See, that was not so hard. (By the way, I hope you got it all out of your system, because as far as I know, there’s not going to be talking during the Rabbi’s sermon.)

People come to synagogues for many reasons: for prayer, for reflection, for spiritual renewal, for education. None of these need a special building — you can pray and reflect at the top of Cowles Mountain (or, for that matter, at the bottom and save the hike), and you can certainly feel spiritually renewed watching the sun set over the Pacific. You can read and study in a library, at home, or even in Starbucks if you have an IPad.

So what does a synagogue offer you? A community. When I said Kaddish here, for my mother, may she rest in peace, I didn’t feel less sad, or miss her less. I still miss her. I miss her now. But I felt less alone. When, just one year later, I held my infant son here during new baby Shabbat, I didn’t love him more, and I wasn’t more proud of him. That would not have been possible. But I got to watch him become part of my family, and part of my world. And I got to feel myself as a father by watching my community see me as one. And it made my life richer.

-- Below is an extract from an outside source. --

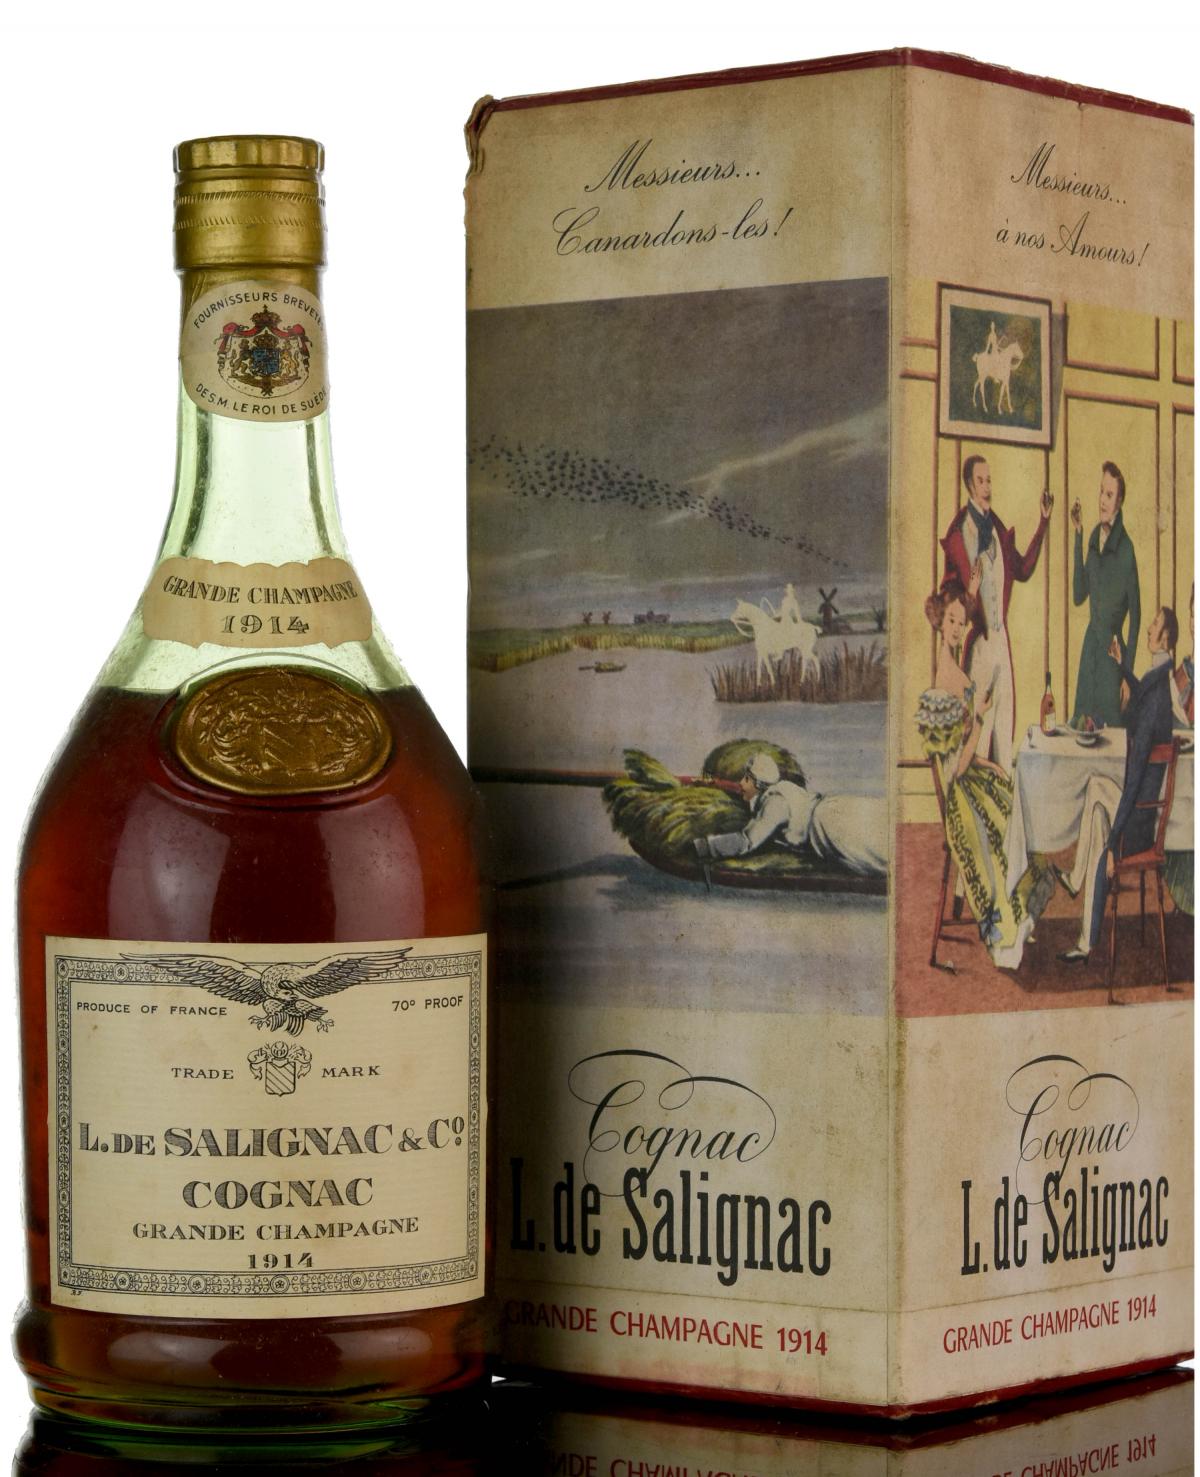 L.De Salignac 1914 Cognac

I’m not here to speak with you tonight about God, or our religion. Those topics are for the Rabbi. But I do know about the hunger for connection, and the real need to feel part of an extended family, to belong. This synagogue is my community, and yours. It takes little more than just showing up to be part of this community. Just come, show up, be here. This is your community.

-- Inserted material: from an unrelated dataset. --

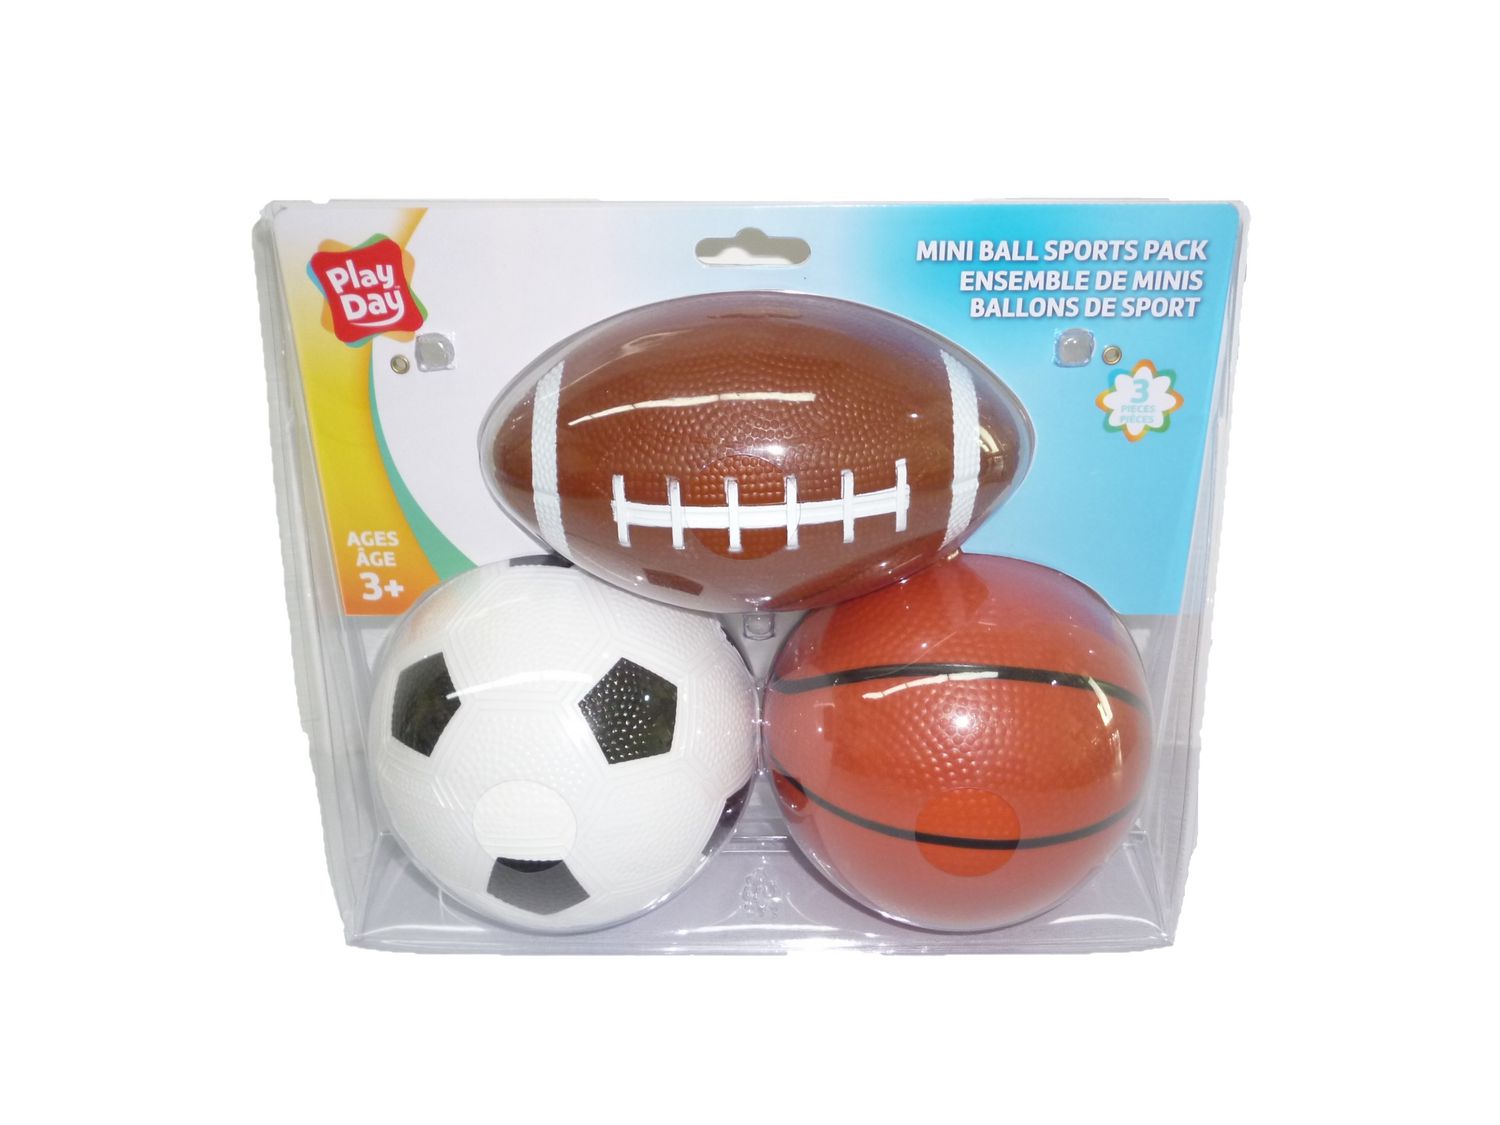 Play Day Mini Sports Balls Set Football Basketball Soccer Ball NEW

When I moved to San Diego more than 13 years ago, I made the rounds of the Conservative and Orthodox shuls. At Tifereth Israel someone made a point to say Hi to me and introduce themselves, so I came back. And Tina Friedman, thanks for chatting with me that Shabbat morning – that’s why I chose this shul over the others in San Diego. That’s why I’m here now. Tonight someone said hello to all of you, and wished you well. And you reached out and met someone new. Next year, or the year after that, when you have, God willing, something wonderful in your life, the people you met tonight may be there to celebrate with you. And if, God forbid, you suffer a loss like I did, those people who were strangers when you walked in tonight might be the friends who come to sit shiva with you. Because that is what a community is for. And this is your community.

Tifereth Israel Synagogue. Tradition. Community. A future with you.

I wish each of you a meaningful fast and a year filled with joy. May you be inscribed, and sealed, in the Book of Life. Shabbat Shalom.